As I also explained in the first submission email, due to the processing order,
if implicit classes are added last (and processed last), for example:
#pragma omp target map(tofrom: var.ptr[:N]) map(tofrom: var[implicit])
{
// access of var.ptr[]
}
The explicit var.ptr[:N] will not find anything to map, because the (implicit) map(var) has not been seen yet,
and the assumed array section attachment behavior will fail.
Only an order like: map(tofrom: var[implicit]) map(tofrom: var.ptr[:N]) will the usual assumed behavior show.
And yes, this depends on the new behavior implemented by patch [1], which I still need you to review.
e.g. for map(var.ptr[:N]), the proper behavior should *only* map the array section but NOT the base-pointer.
[1] https://gcc.gnu.org/pipermail/gcc-patches/2021-May/571195.html
> There is also the OpenMP 5.1 [352:17-22] case which basically says that the
> implicit mappings should be ignored if there are explicit ones on the same
> construct (though, do we really create implicit clauses in that case?).
Implicit clauses do not appear to be created if there's an explicit clause already existing.
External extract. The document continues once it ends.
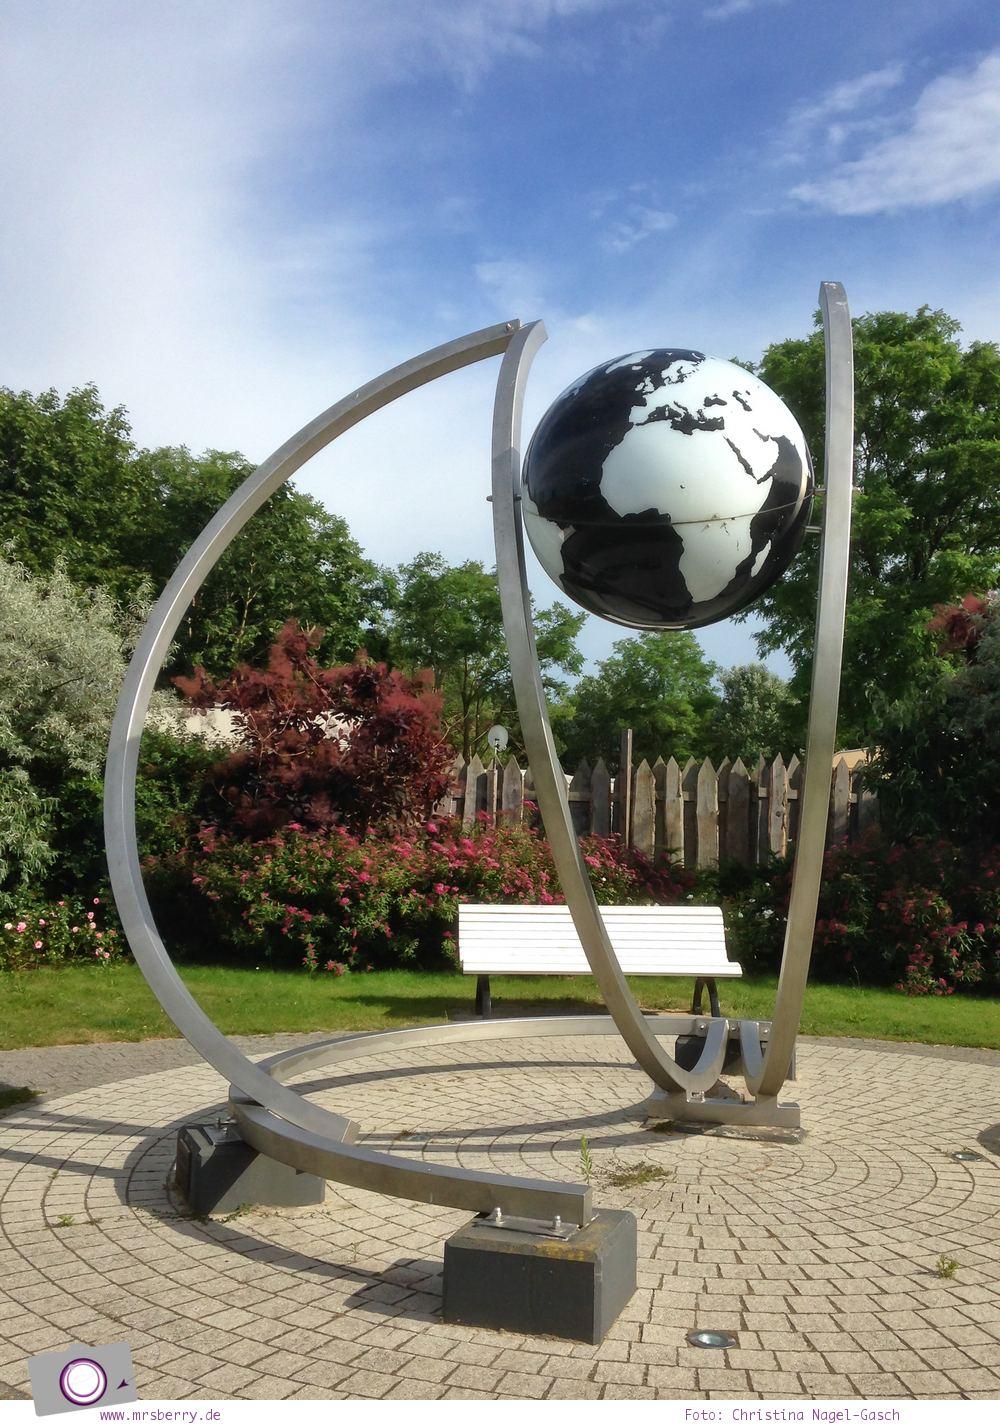 Familienurlaub auf Usedom: Sternwarte Manfred von Ardenne in Heringsdorf
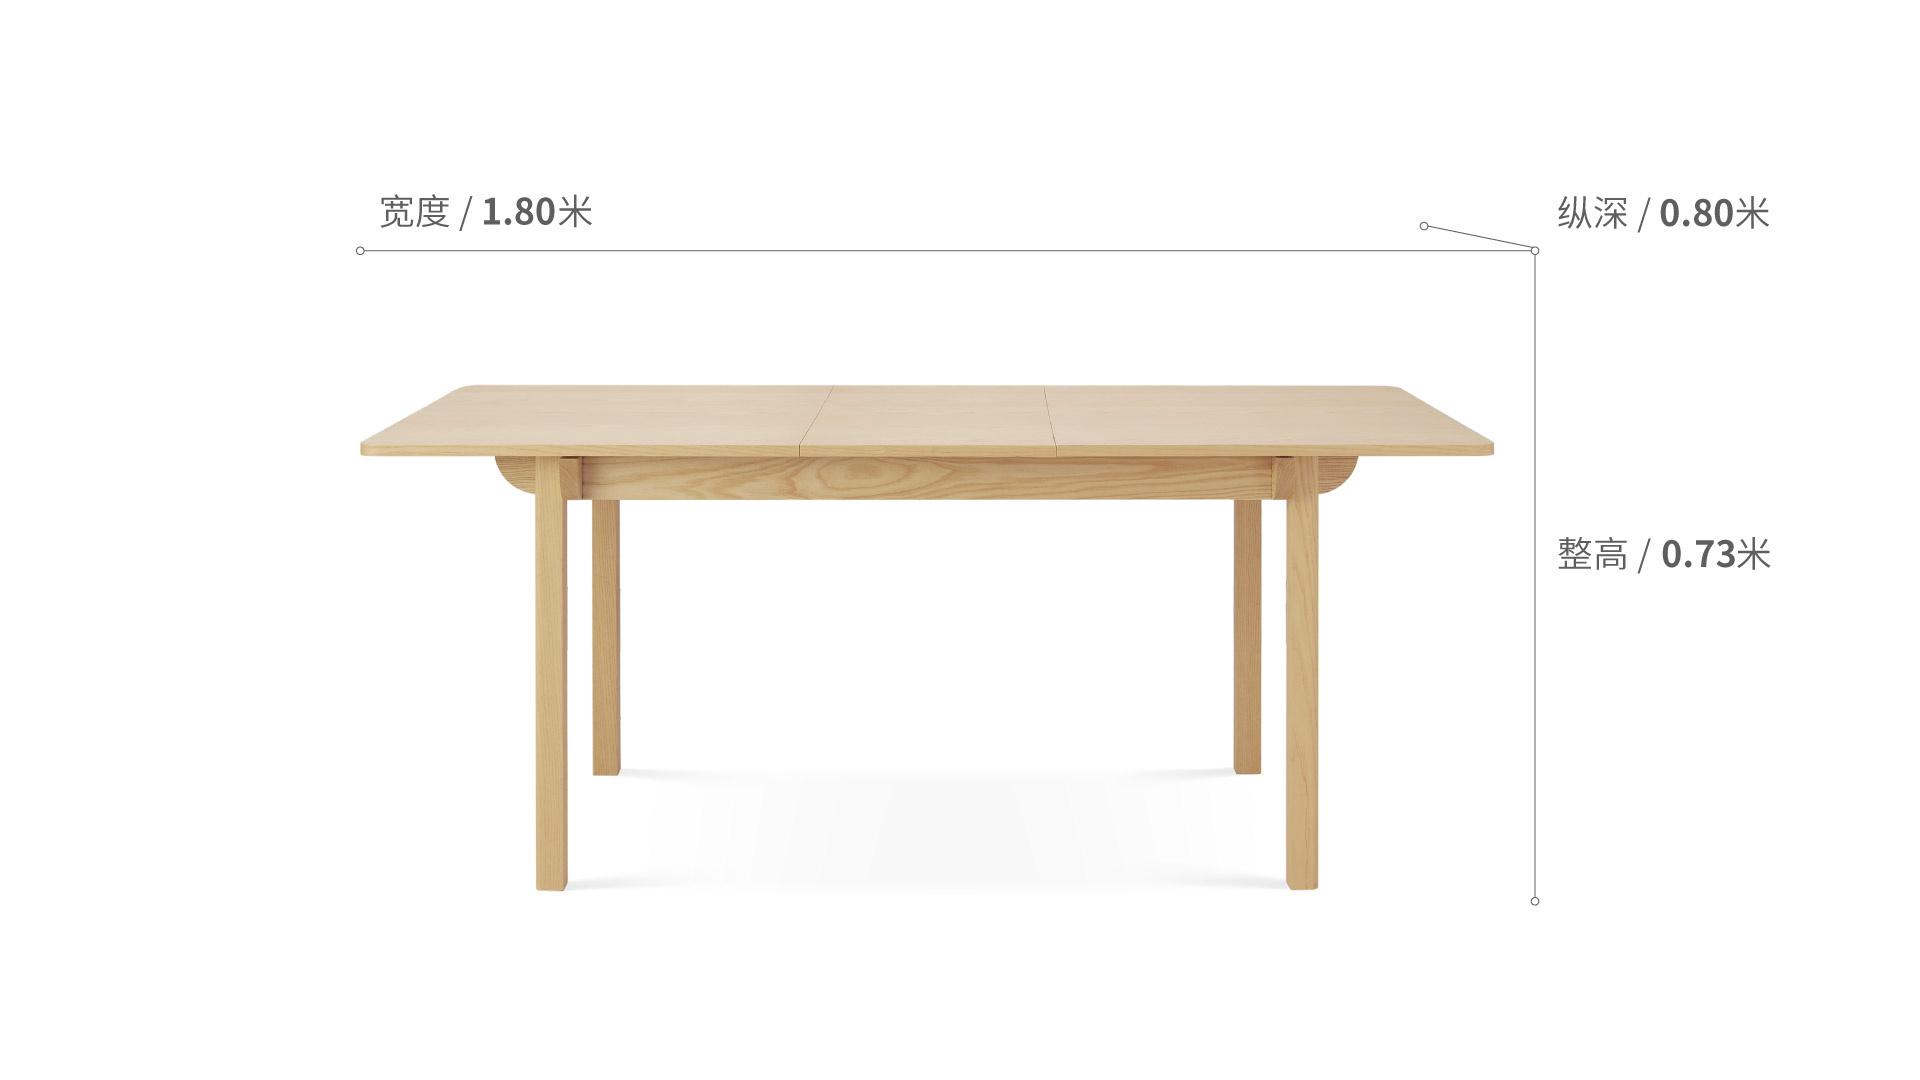 山雪伸缩桌 1.4-1.8米伸缩后桌几效果图

>> +#define GOMP_MAP_IMPLICIT (GOMP_MAP_FLAG_SPECIAL_3 \
>> + | GOMP_MAP_FLAG_SPECIAL_4)
>> +/* Mask for entire set of special map kind bits. */
>> +#define GOMP_MAP_FLAG_SPECIAL_BITS (GOMP_MAP_FLAG_SPECIAL_0 \
>> + | GOMP_MAP_FLAG_SPECIAL_1 \
>> + | GOMP_MAP_FLAG_SPECIAL_2 \
>> + | GOMP_MAP_FLAG_SPECIAL_3 \
>> + | GOMP_MAP_FLAG_SPECIAL_4)
...
>> +#define GOMP_MAP_IMPLICIT_P(X) \
>> + (((X) & GOMP_MAP_FLAG_SPECIAL_BITS) == GOMP_MAP_IMPLICIT)
>
> I think here we need to decide with which GOMP_MAP* kinds the implicit
> bit will need to be combined with, with looking forward into what features
> we still need to implement for OpenMP 5.0/5.1 (not aware of anything in 5.2
> that would need special care but perhaps I've missed it).
>
> E.g. for declare mapper those single OMP_CLAUSE_MAPs with the implicit
> bit might need to be split into various smaller ones, map this FIELD_DECL,
> map that other FIELD_DECL, what it points to, etc. Even without declare
> mapper, the spec now says that mapping a structure is as if each member is
> mapped separately and 5.2 is going to say there is a predefined declare
> mapper that does that (which is of course something we don't want under the
> hood, we don't want thousands of maps, but virtually split it on a field by
> field basis, do all the special stuff - e.g. how pointers are to be mapped
> as zero array sections with pointer attachment, how C++ references are to be
> handled etc. and then virtually coalesce all the adjacent fields that have
> the same treatment back). I think that actually means we should defer most
> of the map struct etc. handling we do in gimplify_scan_omp_clauses, instead
> note the explicit map clauses and what they refer to, add implicit ones (and
> set implicit bit on those), then go over all clauses (explicit and
> implicit), do the declare mapper processing, do the sorting of what that
> produces based on base expressions/pointers etc.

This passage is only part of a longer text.